CODEWITHSUNDEEP
javascriptoptimizationmathematical-optimizationcalculus
Antoni4
Antoni4

Reputation: 2693

The maximum volume of a box

Trying to write a simple web app to solve the following common calculus problem in JavaScript.

Suppose you wanted to make an open-topped box out of a flat piece of cardboard that is L long by W wide by cutting the same size square (h × h) out of each corner and then folding the flaps to form the box, as illustrated below:

box_vol_problem

You want to find out how big to make the cut-out squares in order to maximize the volume of the box.

Ideally I want to avoid using any calculus library to solve this.

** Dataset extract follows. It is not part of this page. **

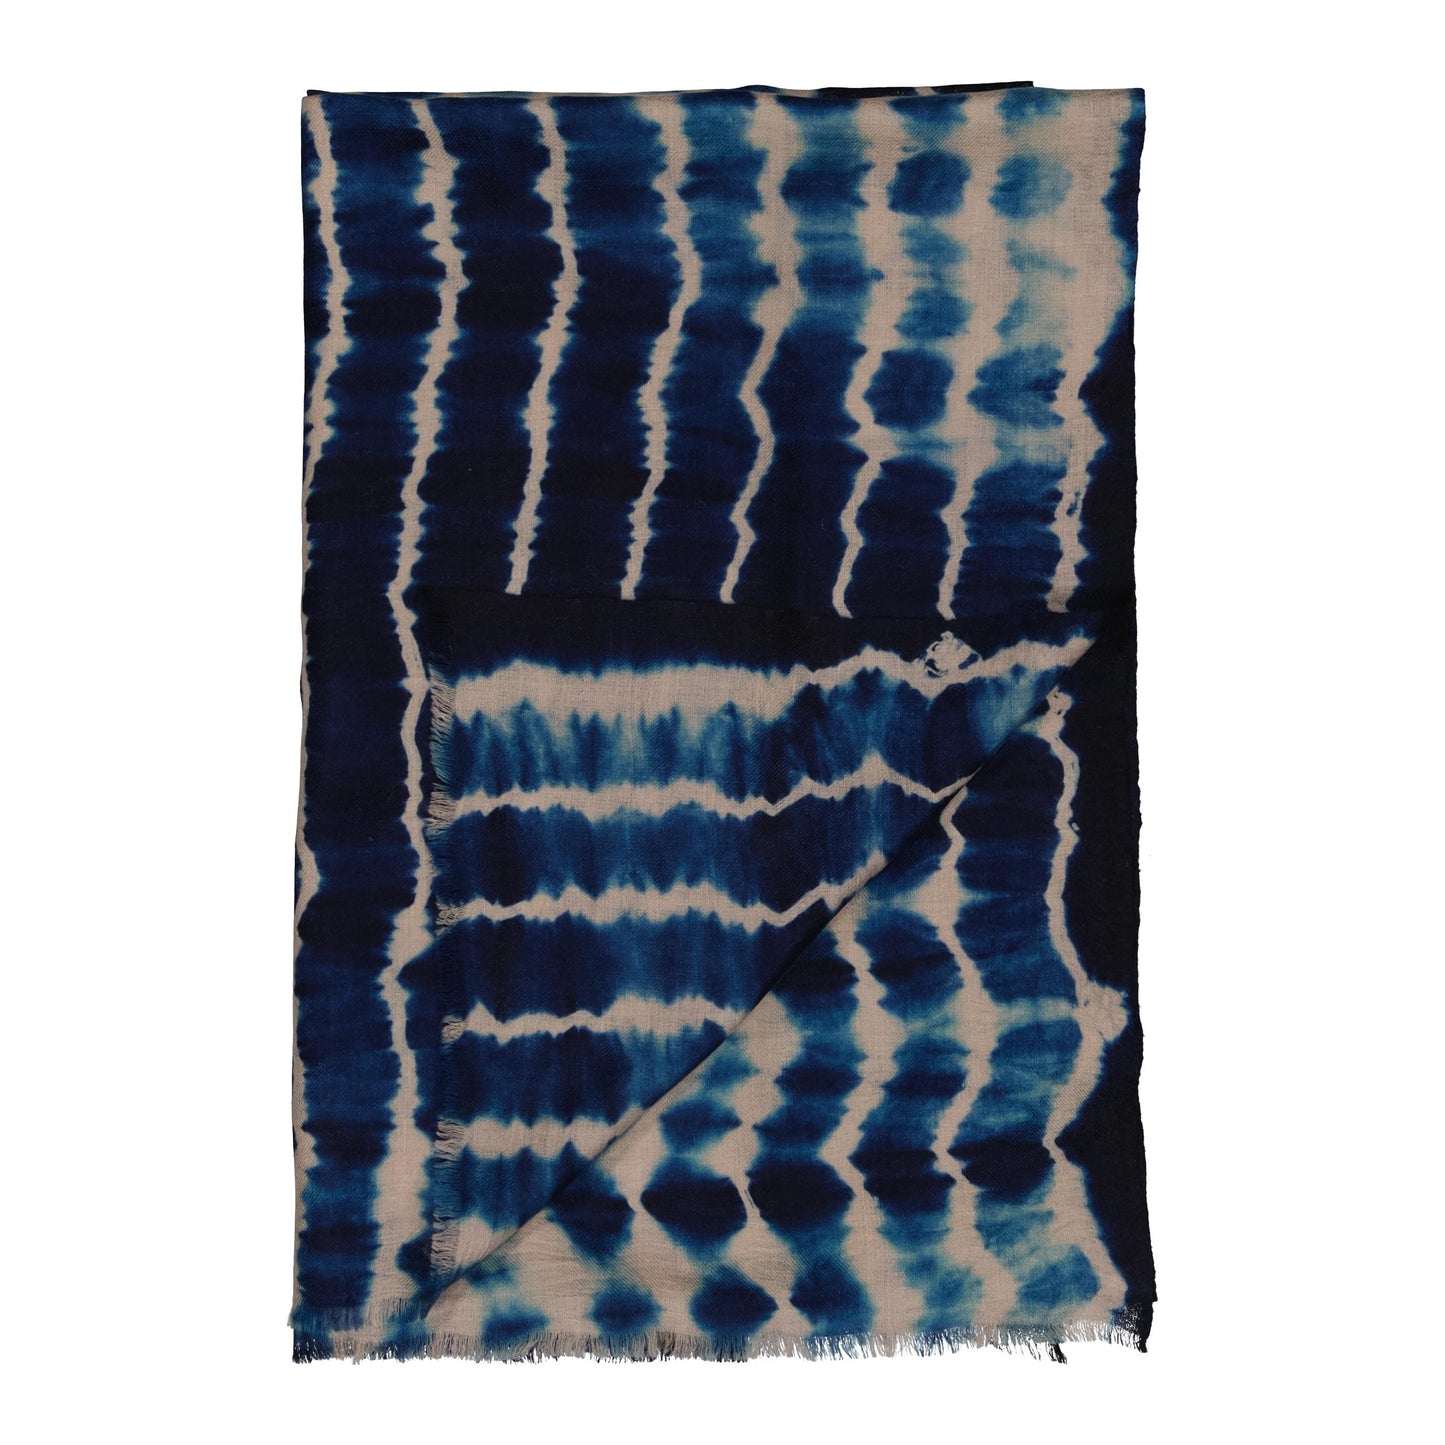 RIVE - shibori cashmere shawl INDIGO BLUE

My initial naive solution:

// V = l * w * h
function getBoxVolume(l, w, h) {
  return (l - 2*h)*(w - 2*h)*h;
}

function findMaxVol(l, w) {
  const STEP_SIZE = 0.0001;

  let ideal_h = 0;
  let max_vol = 0;

  for (h = 0; h <= Math.min(l, w) / 2; h = h + STEP_SIZE) {
    const newVol = getBoxVolume(l, w, h);
    if (max_vol <= newVol) {
      ideal_h = h;
      max_vol = newVol;
    } else {
      break;
    }
  }

  return {
    ideal_h,
    max_vol
  }
}

const WIDTH_1 = 20;
const WIDTH_2 = 30;

console.log(findMaxVol(WIDTH_1, WIDTH_2))

// {
//   ideal_h: 3.9237000000038558,
//   max_vol: 1056.3058953402121
// }

The problem with this naive solution is that it only gives an estimate because you have to provide STEP_SIZE and it heavily limits the size of the problem this can solve.

Upvotes: 0

Views: 512

Answers (2)

Antoni4
Antoni4

Reputation: 2693

After realising that the derivative of the volume function is a second degree polynomial you can apply a quadratic formula to solve for x.

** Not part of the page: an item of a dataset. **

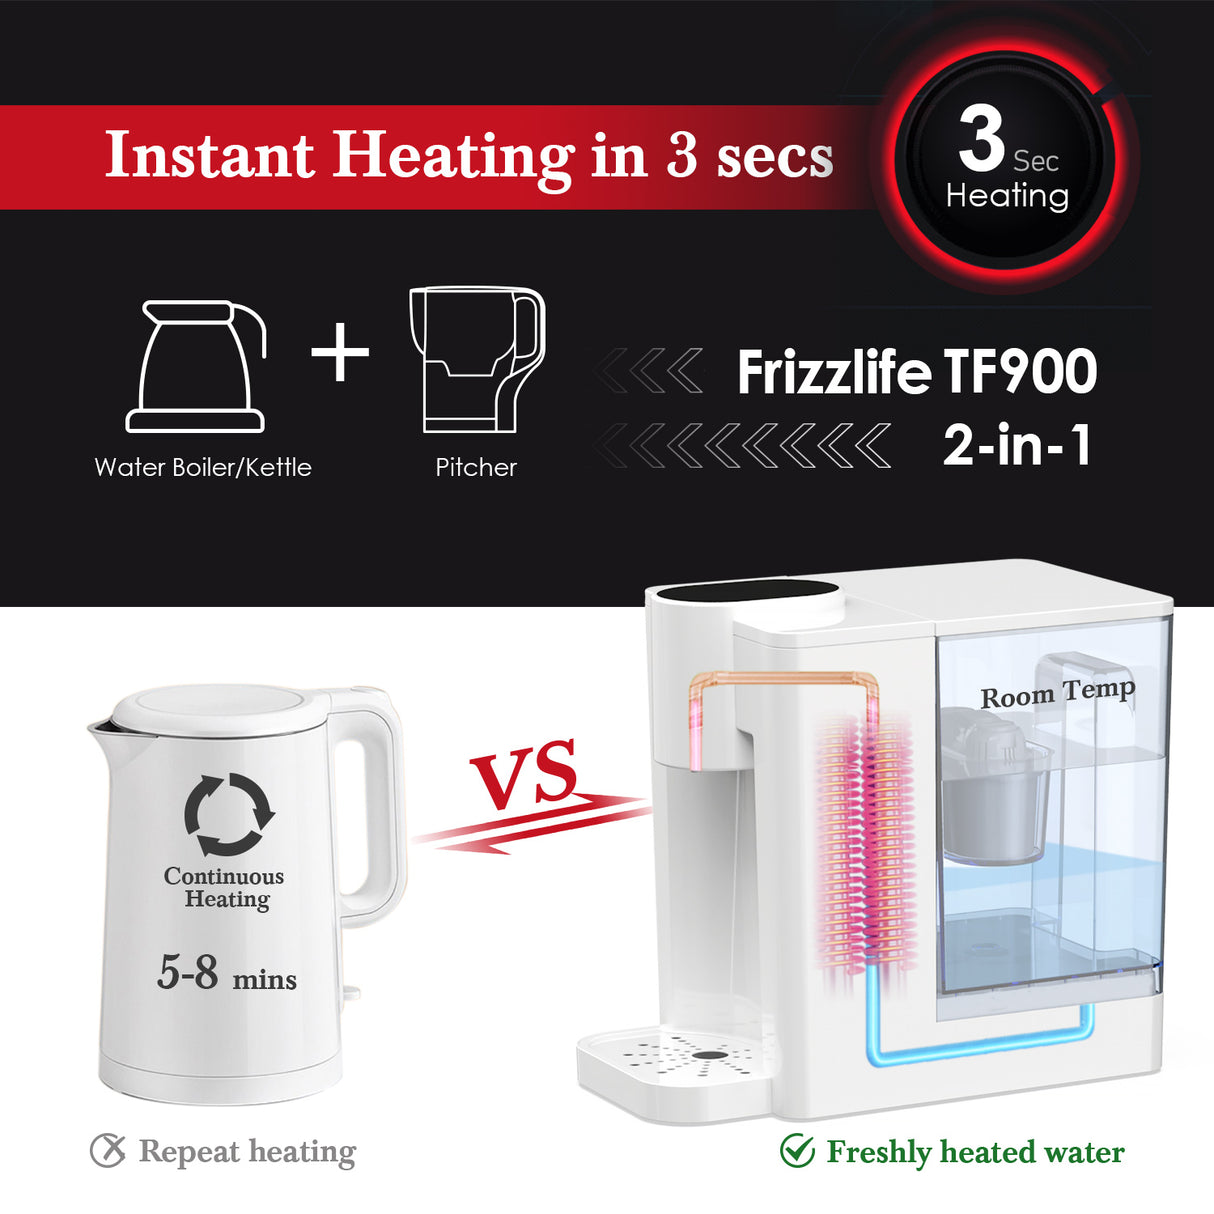 FRIZZLIFE TF900 Filtre distributeur d'eau chaude instantanée, 5 températures et 3 réglages de volume, verrouillage de sécurité haute température, zéro installation, test standard UL, 1 filtre inclus

Using calculus, the vertex point, being a maximum or minimum of the function, can be obtained by finding the roots of the derivative

// V = l * w * h
function getBoxVolume(l, w, h) {
  return (l - 2*h)*(w - 2*h)*h;
}

// ax^2 + bx + c = 0
function solveQuad(a, b, c) {
  var x1 = (-1 * b + Math.sqrt(Math.pow(b, 2) - (4 * a * c))) / (2 * a);
  var x2 = (-1 * b - Math.sqrt(Math.pow(b, 2) - (4 * a * c))) / (2 * a);
  return { x1, x2 };
}

function findMaxVol(l, w) {    
  // V'(h) = 12h^2-4(l+w)h+l*w - second degree polynomial
  // solve to get the critical numbers
  const result = solveQuad(12, -4*(l + w), l*w)

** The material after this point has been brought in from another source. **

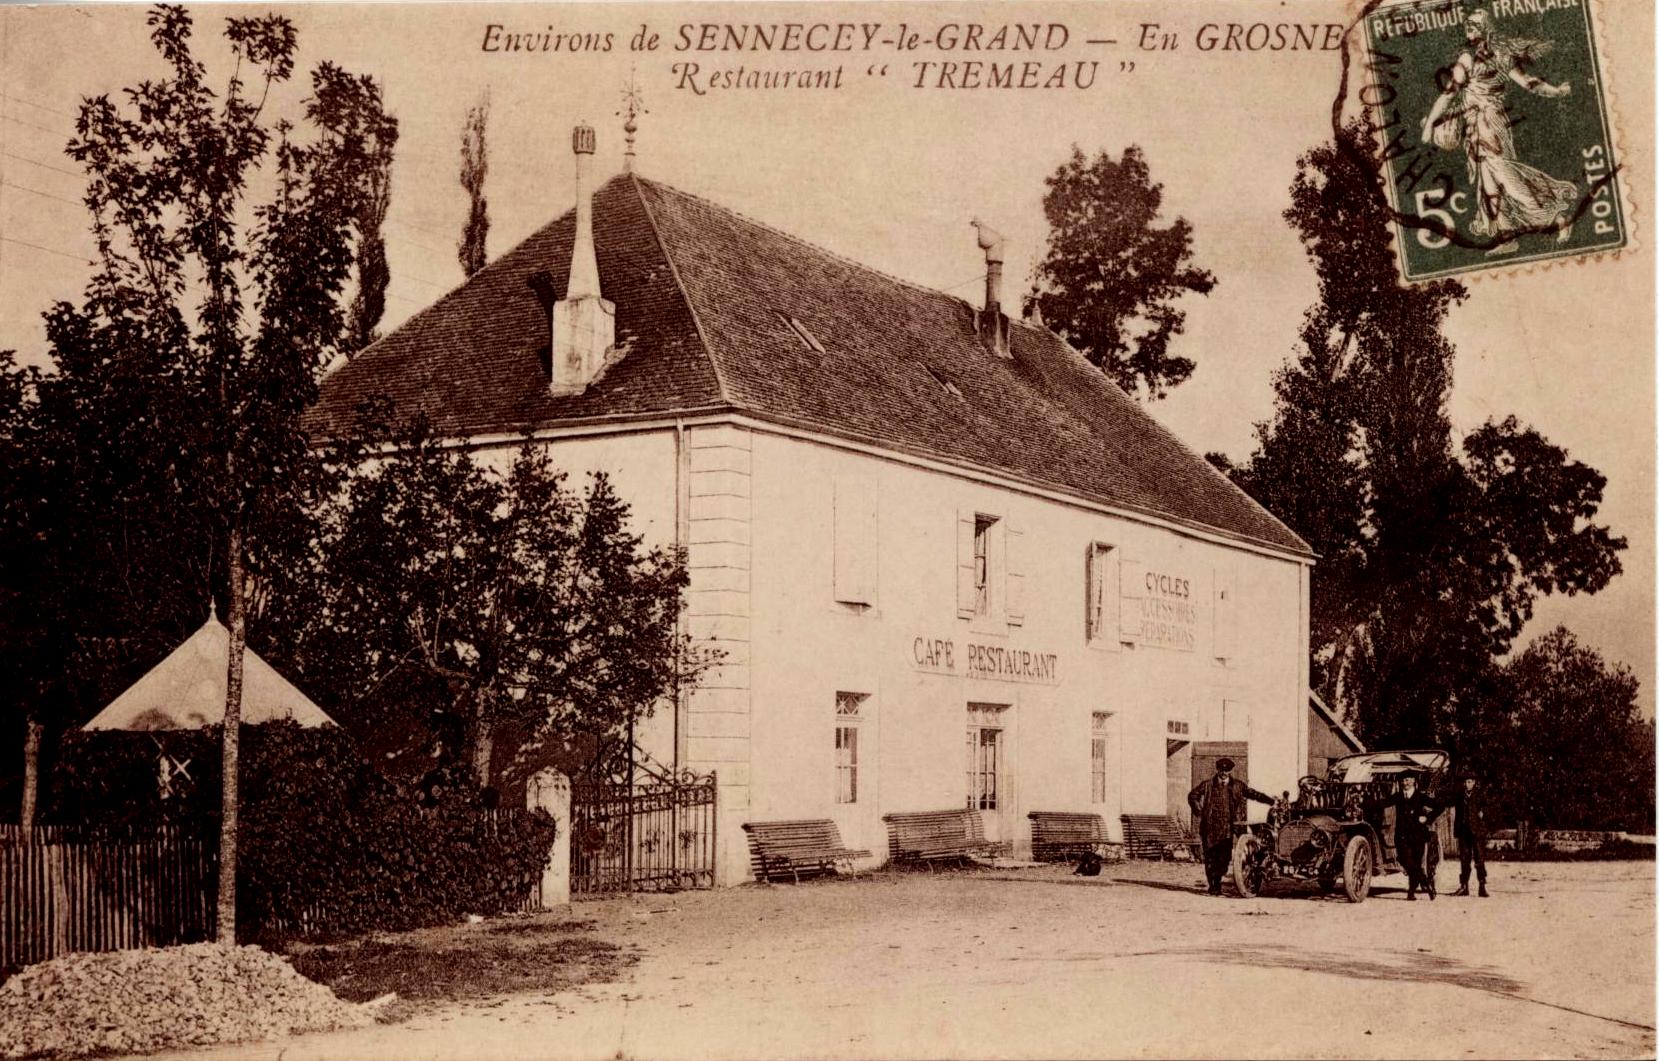 Cartes postales Saint-Cyr autrefois

  const vol1 = getBoxVolume(l, w, result.x1);
  const vol2 = getBoxVolume(l, w, result.x2);

  let ideal_h = 0;
  let max_vol = 0;

  // check for max
  if (vol1 > vol2) {
    ideal_h = result.x1;
    max_vol = vol1;
  } else {
    ideal_h = result.x2;
    max_vol = vol2;
  }

  return {
    ideal_h,
    max_vol
  } 
}

const WIDTH_1 = 20;
const WIDTH_2 = 30;

console.log(findMaxVol(WIDTH_1, WIDTH_2))

// {
//   ideal_h: 3.9237478148923493,
//   max_vol: 1056.30589546119
// }

Upvotes: 2

MyStackRunnethOver
MyStackRunnethOver

Reputation: 5275

You have an objective function: getBoxVolume(). Your goal is to maximize the value of this function.

Currently, you're maximizing it using something equivalent to sampling: you're checking every STEP_SIZE, to see whether you get a better result. You've identified the main problem: there's no guarantee the edge of the STEP_SIZE interval falls anywhere near the max value.

Observe something about your objective function: it's convex. I.e., it starts by going up (when h = 0, volume is zero, then it grows as h does), it reaches a maximum, then it goes down, eventually reaching zero (when h = min(l,w)/2).

This means that there's guaranteed to be one maximum value, and you just need to find it. This makes this problem a great case for binary search, because given the nature of the function, you can sample two points on the function and know which direction the maximum lies relative to those two points. You can use this, with three points at a time (left, right, middle), to figure out whether the max is between left and middle, or middle and right. Once these values get close enough together (they're within some fixed amount e of each other), you can return the value of the function there. You can even prove that the value you return is within some value e' of the maximum possible value.

Here's pseudocode:

max(double lowerEnd, upperEnd) {

    double midPoint = (upperEnd + lowerEnd) / 2

    double midValue = getBoxVolume(l, w, midpoint)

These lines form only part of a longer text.